■ To do ■
Write exactly the lines running from the start of the material below to the line that includes "The Best Mom Almond Coconut Box", and include no pictures.

■ Data provided ■
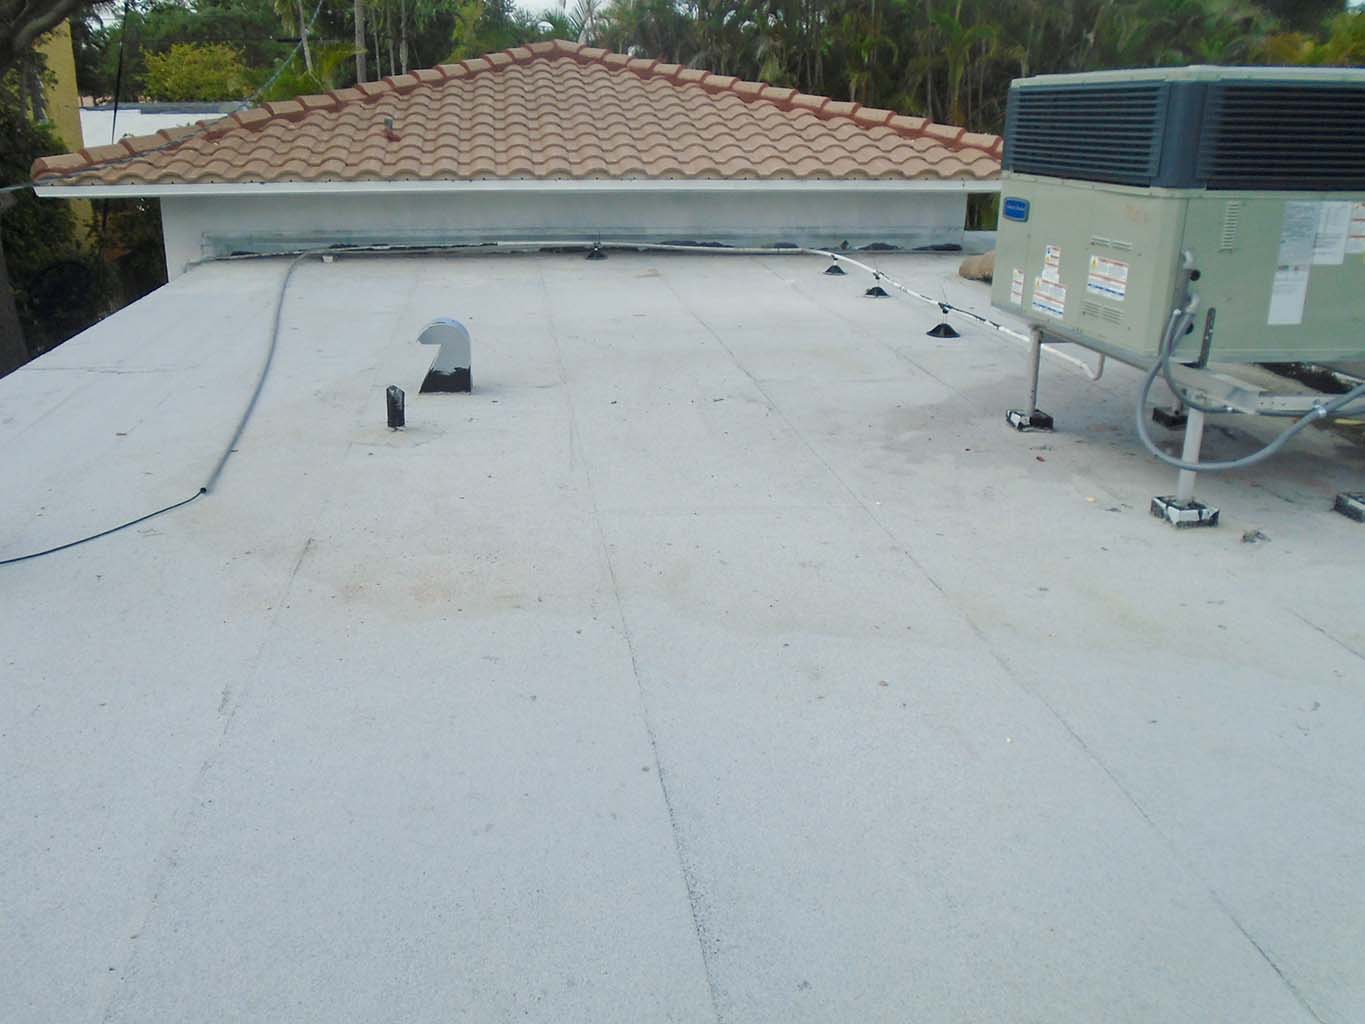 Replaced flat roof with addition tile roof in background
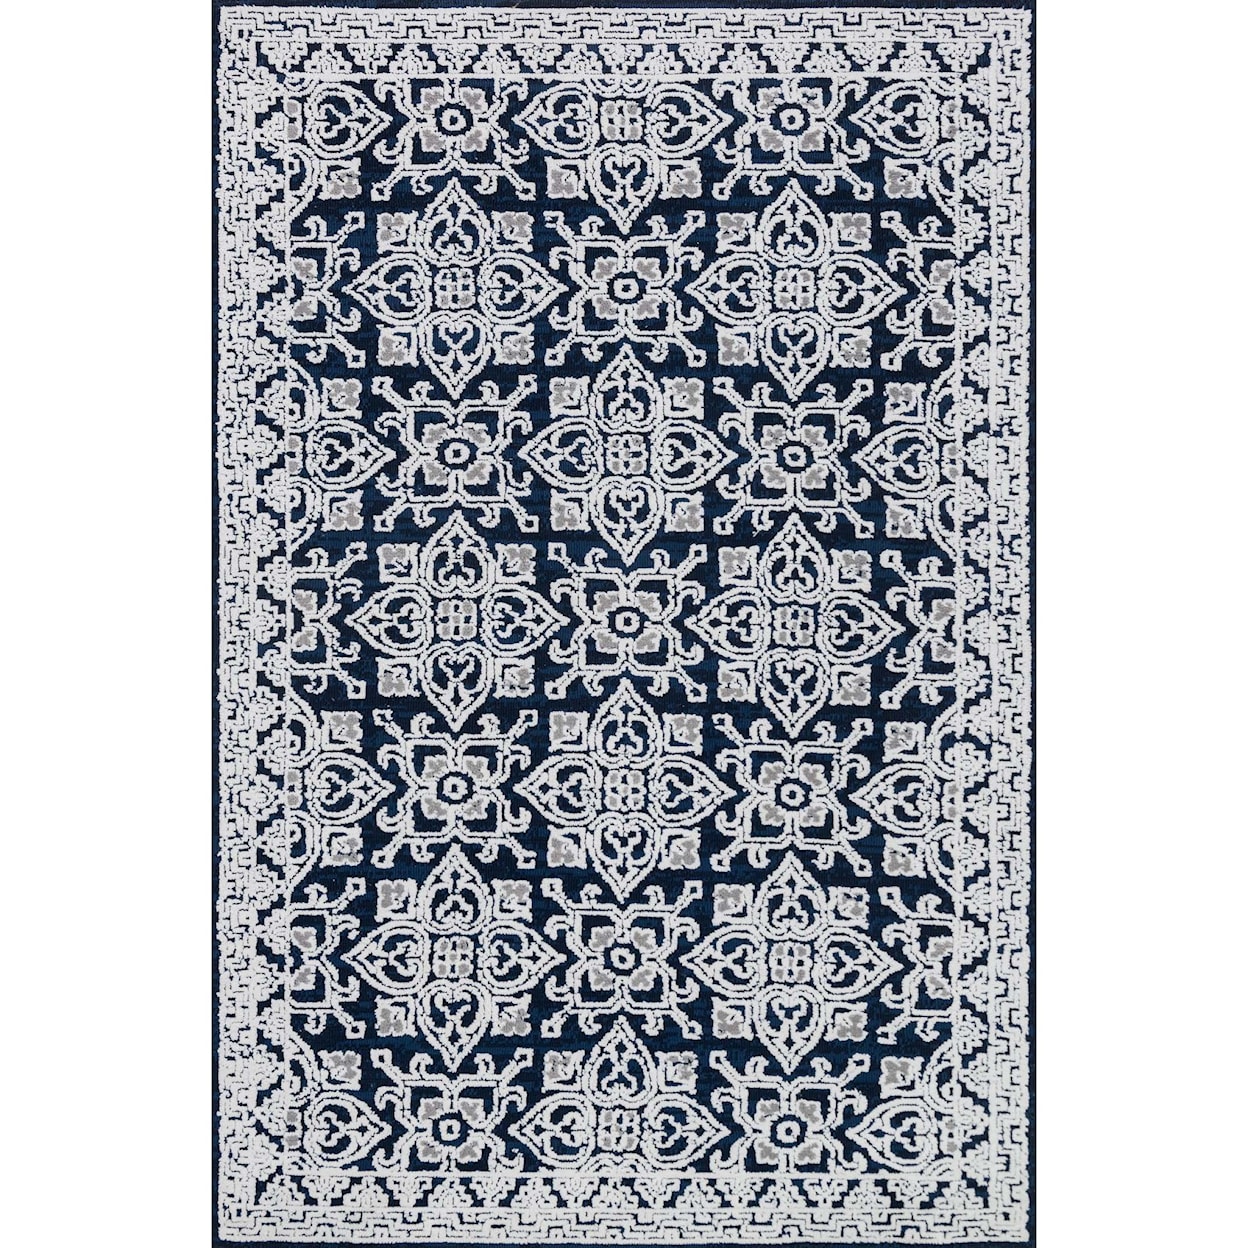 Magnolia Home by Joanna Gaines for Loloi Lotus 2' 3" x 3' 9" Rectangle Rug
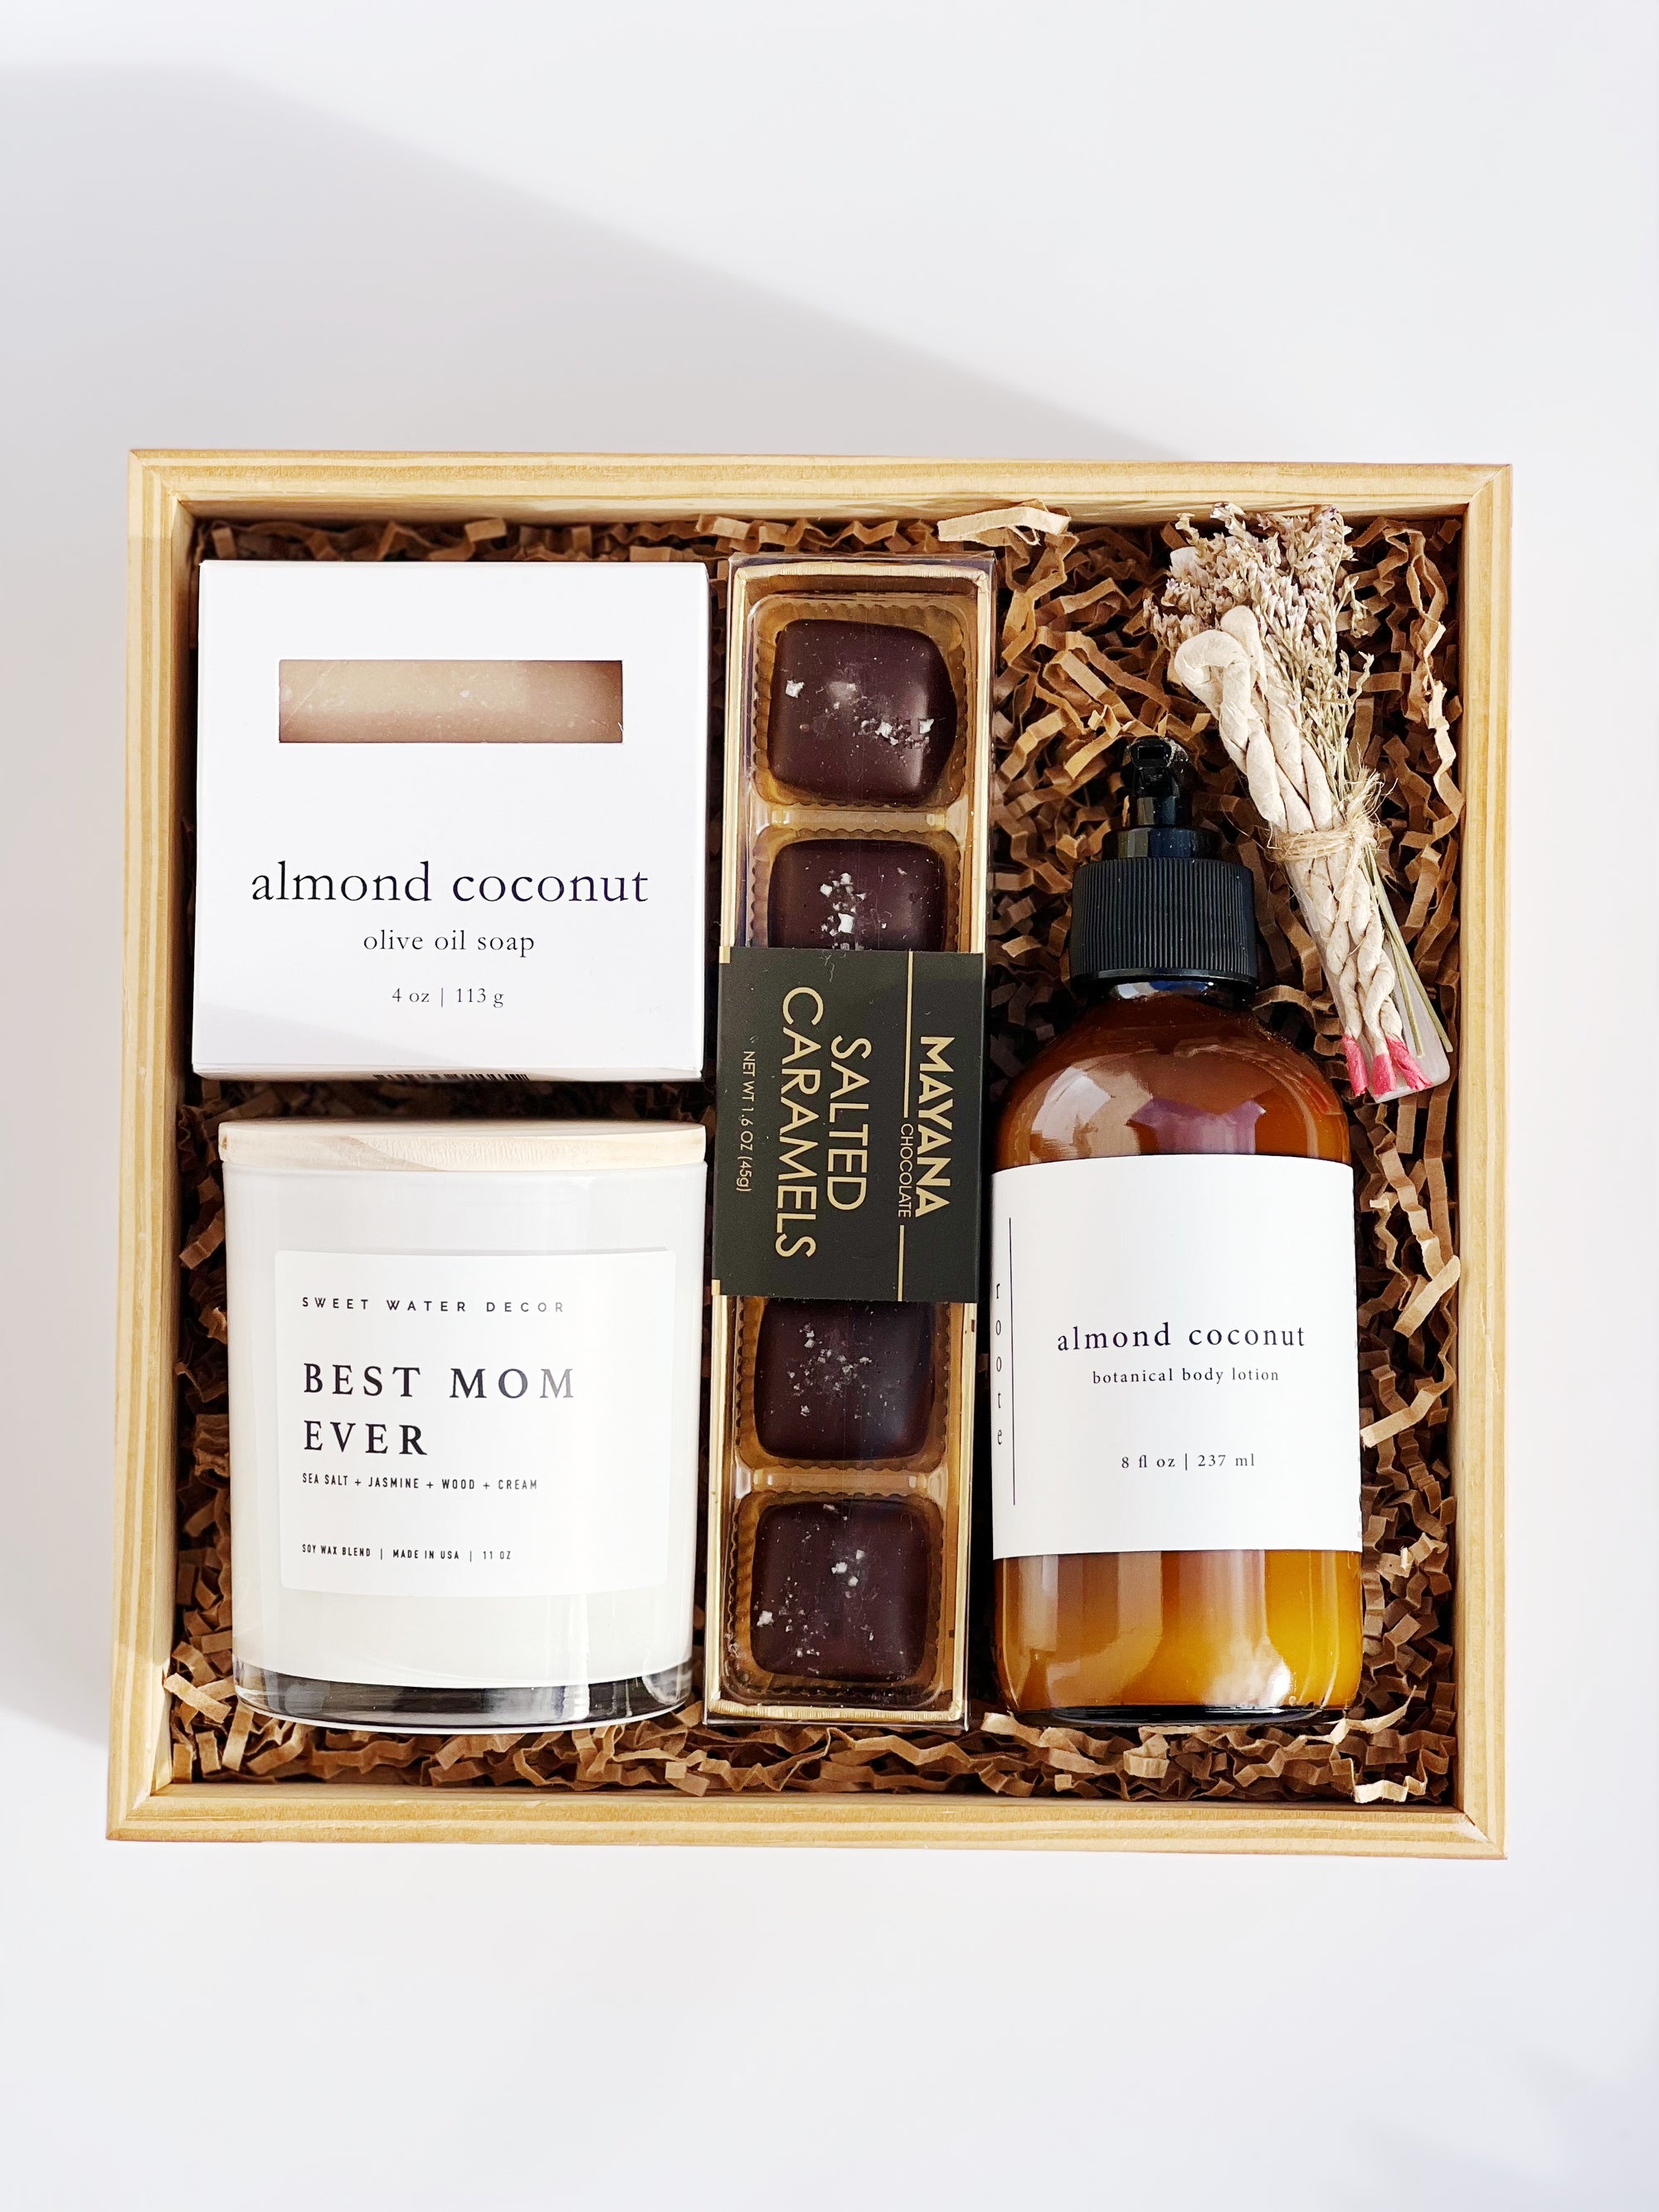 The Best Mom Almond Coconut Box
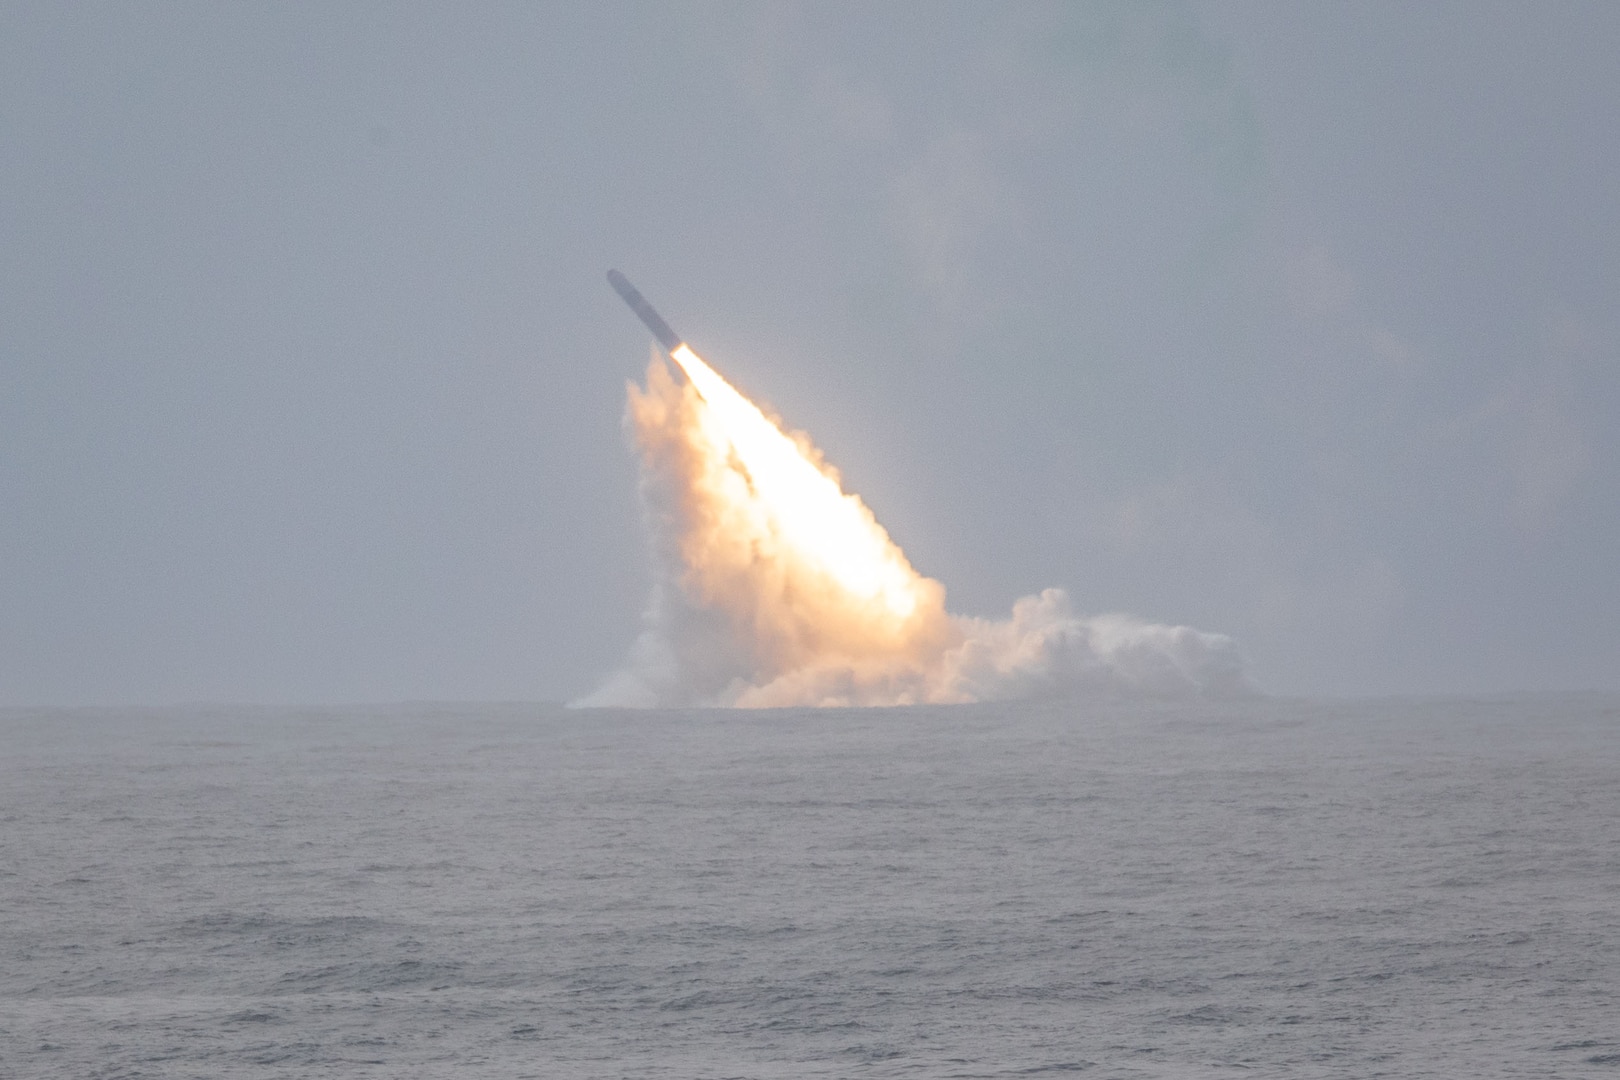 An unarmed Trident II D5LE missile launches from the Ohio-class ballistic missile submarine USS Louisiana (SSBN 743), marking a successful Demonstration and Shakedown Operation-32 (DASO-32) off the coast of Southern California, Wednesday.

■ Expected answer ■
 Replaced flat roof with addition tile roof in background
 Magnolia Home by Joanna Gaines for Loloi Lotus 2' 3" x 3' 9" Rectangle Rug
 The Best Mom Almond Coconut Box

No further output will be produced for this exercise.